China city says it's safe for tourists after attack
The Chinese city of Xi'an is bolstering steps to protect tourists visiting the Terracotta Warriors and other famed sites, the city mayor said after an attack on 10 Australians and their translator.
A local man claiming to be armed with explosives attacked the group of Australian travel agents visiting the northwest Chinese city on Wednesday before he was shot dead by a police sniper.
Nine of the hostages were quickly released by the man, Xia Tao. But a 48-year-old woman and the group's local translator were held captive for several hours before the gunman was killed while he tried to reach the city airport.
The incident draw embarrassing international attention and a storm of media interest in Australia just as China is polishing itself for an influx of foreign visitors for the Beijing Olympic Games starting on August 8.
But Mayor Chen Baogen said the attack was an isolated case and his city was safe, according to the official China Daily on Saturday.
"Xi'an is safe for tourists from home and abroad," Chen told the paper. "We'll definitely take more measures and improve our emergency plans to ensure the safety of every tourist."
He did not specify what those measures were.

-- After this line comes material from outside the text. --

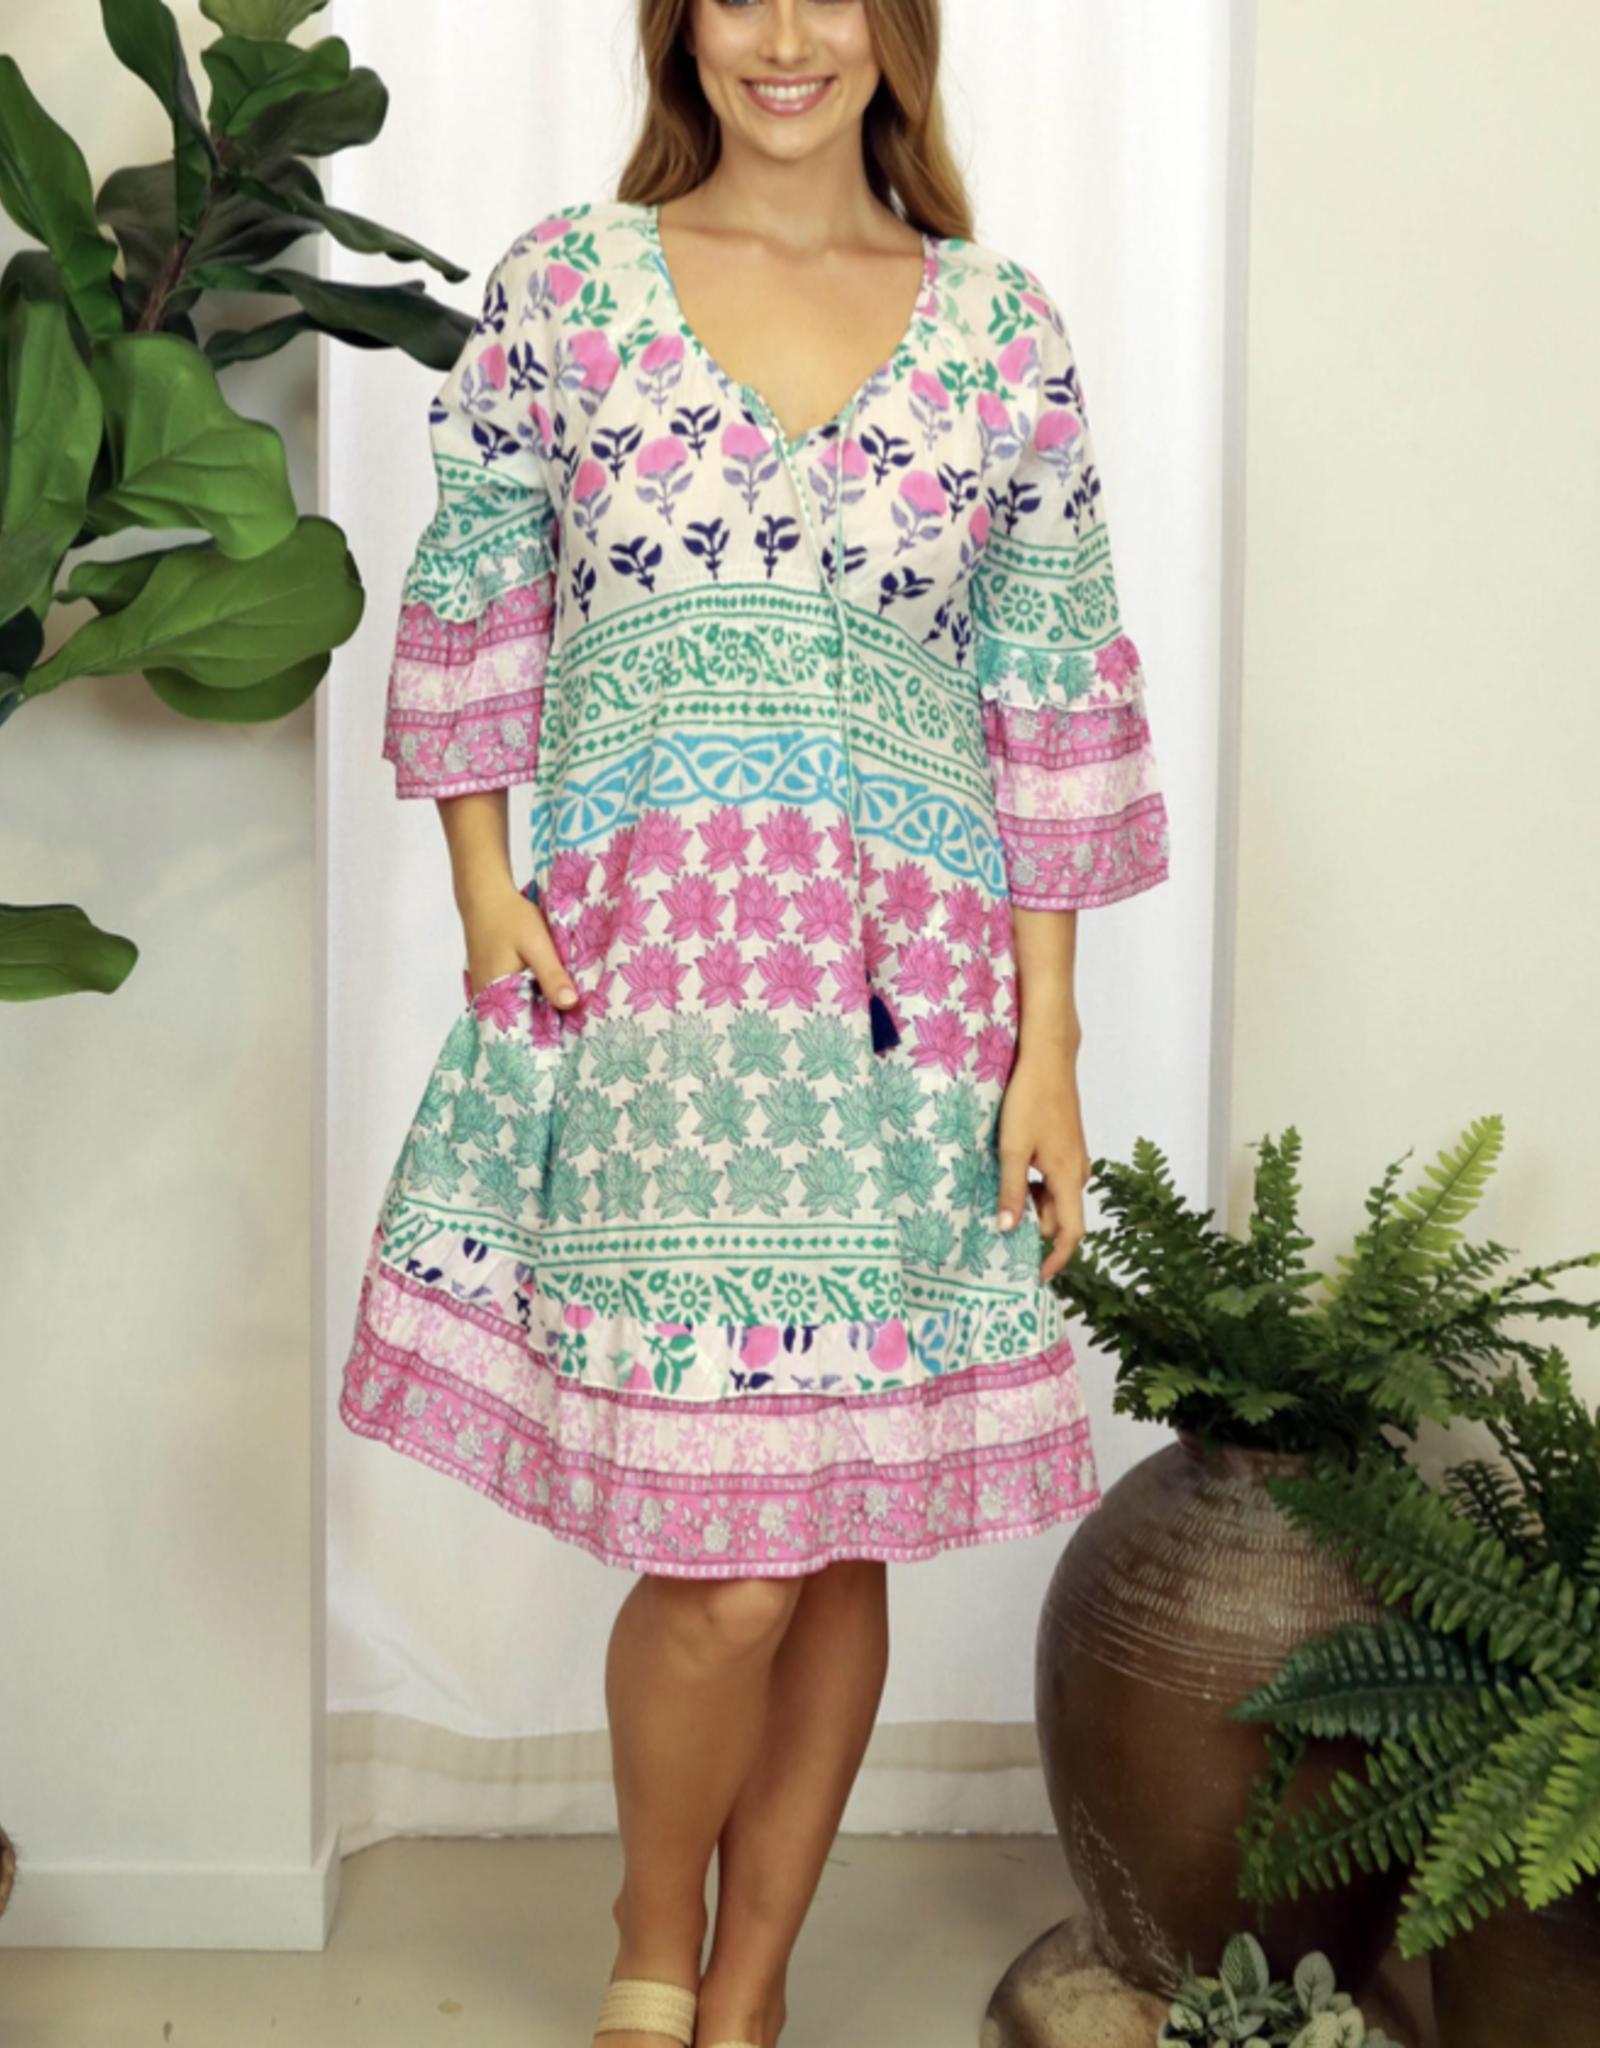 LULALIFE KAYDEN SHIRRED DRESS

China is generally safe for foreign tourists. Attacks are rare and pick-pockets and petty theft are the main worries. Officials have been quick to say the attack was an isolated exception.
Xi'an, which also boasts an ancient city wall and neighbourhoods and impressive museums and mosques, attracted 31 million visitors in 2007, including a million from overseas, the paper said, citing city tourist bureau numbers.
Chen said he expected visitor numbers to grow by at least 10 per cent this year compared to 2007.
"The hijacker's motive remains unclear," the paper said. (Reuters)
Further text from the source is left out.